As with much of the recent work by both LeO and the panel, the object of the consultation is primarily services provided to individuals rather than to businesses. The underlying assumption is that individuals, most of whom are not educated repeat users of legal services, need greater protection and a more effective route to redress.

On this basis there is indeed no reason why law firms should be less immune than other professional advisers handling sensitive personal matters such as pensions and other major investments. This is the line the panel seems to take, saying the maximum compensation ceiling it proposes would align with that available from the financial ombudsman.

One of the strongest selling points for traditional law firms, compared with volume businesses or online service providers, is that they offer advice tailored to individual circumstances. They may use case management software and templated documents to cut down on costs, but the relationship remains personal with the client and particular care is given to each case – or at least that’s how it should be.

But things occasionally go wrong. Sometimes this gives rise to a claim in negligence. Sometimes there is no negligence but the client nonetheless suffers a detriment. Of course that should be compensated. But how much should clients be entitled to claim through a process that does not involve judicial scrutiny? LeO’s own proposal is to increase the compensation ceiling from £30,000 to £50,000. This is already quite a leap. What sort of fault would warrant the even higher award of £150,000 proposed by the panel that wouldn’t also amount to conduct akin to professional negligence?

Take this case. Two weeks ago, West-end firm Withers was told by a High Court judge that it had provided negligent advice when assuring the buyers of a £6.8m house in Chelsea that the property came with access to a communal garden for residents. It turned out there was no such access. The buyers sued the firm and were awarded just over £100,000 in damages. This was at the end of a process involving lawyers and the courts, and it took four years.

The availability of a complaints process that may lead to a financial compensation award is a basic requirement for a responsible profession but the scale of the proposal is a concern for law firms.

Like the proposal on third-party complaints last week, which the panel says should be read as part of its response to LeO’s consultation, this response questions the basic principles on which professional liability is assessed and negligence established.

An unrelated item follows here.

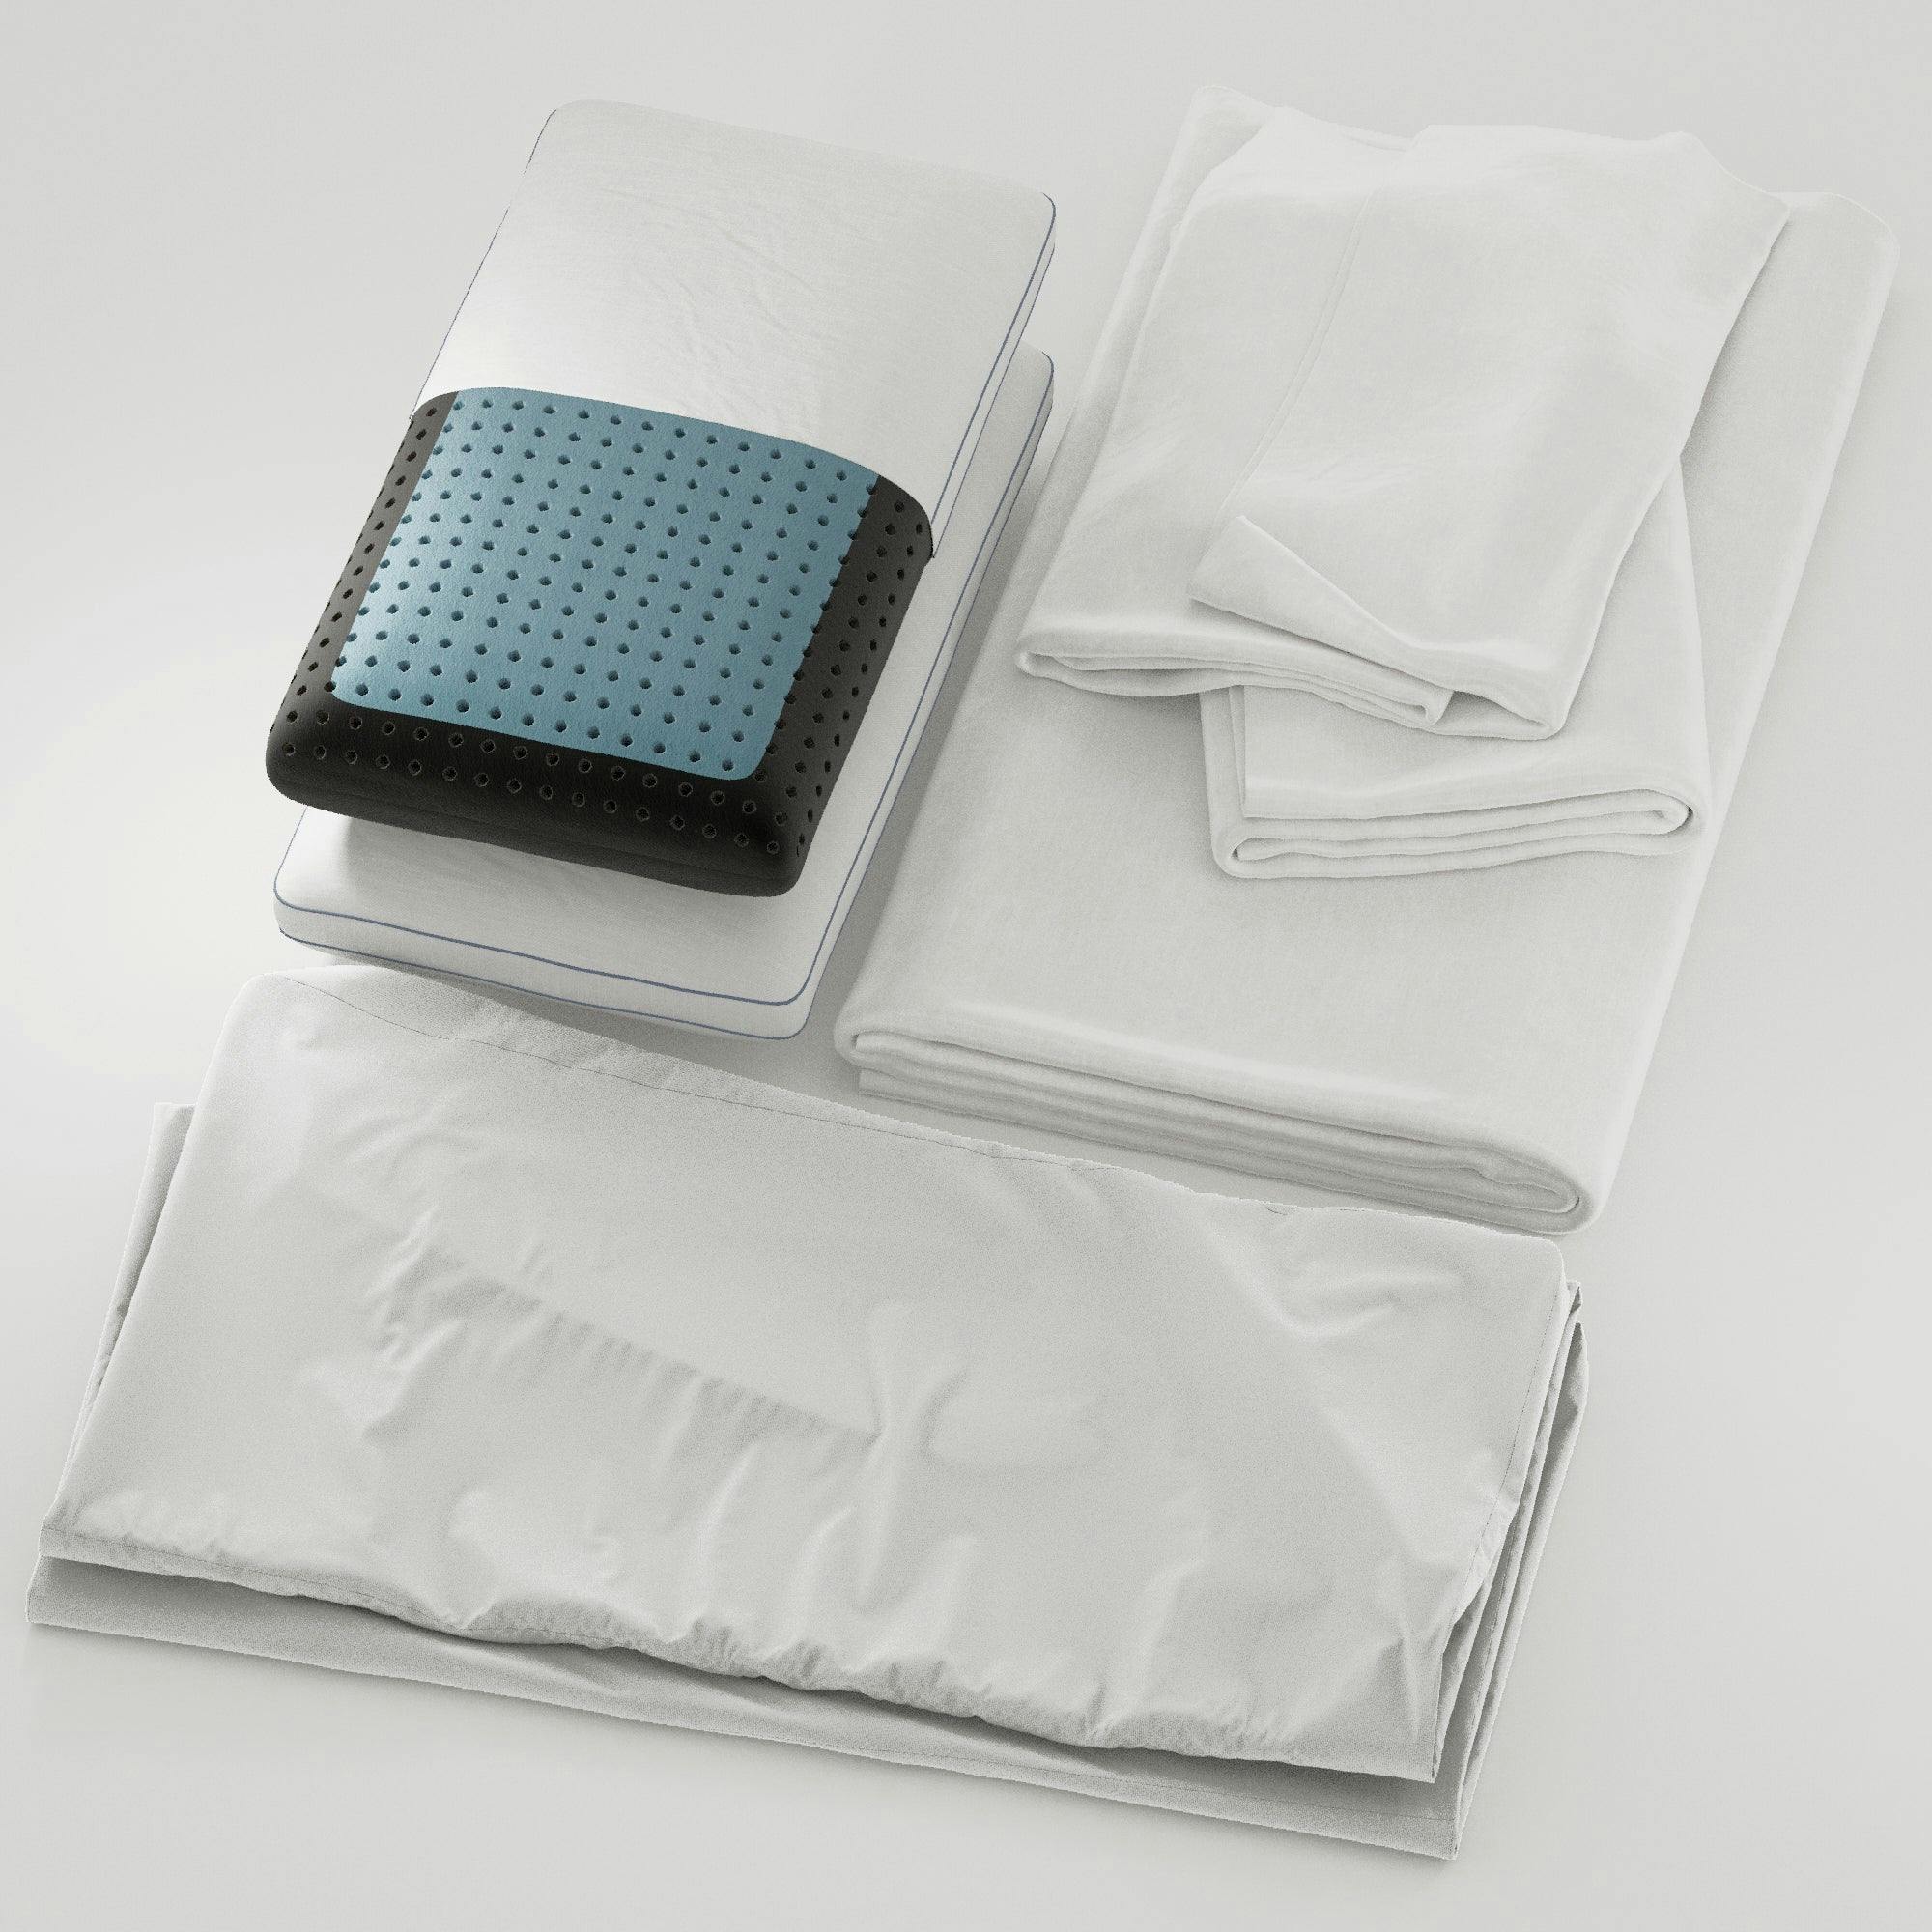 Eight Sleep - Sleep Essentials Bundle showing pillows, sheets, and protector

It would be unfair – if not downright wrong – if dissatisfied clients could take a shortcut to compensation for negligence by avoiding the legal process altogether and be able to claim more than might be available through the court process. Instead of pushing for a higher compensation ceiling both the panel and LeO should come up with a structured proposal grading negligence – in a broad sense – by type. This should include clear referral routes to frontline regulators or the courts when particular allegations are made or when claims reach certain levels. It might require a review of the SRA’s own jurisdiction to allow it to make compensation awards. In itself this wouldn’t be a straightforward exercise but it would be a lot more satisfactory than hastily increasing LeO’s compensation ceiling in the blunt pursuit of the consumer agenda.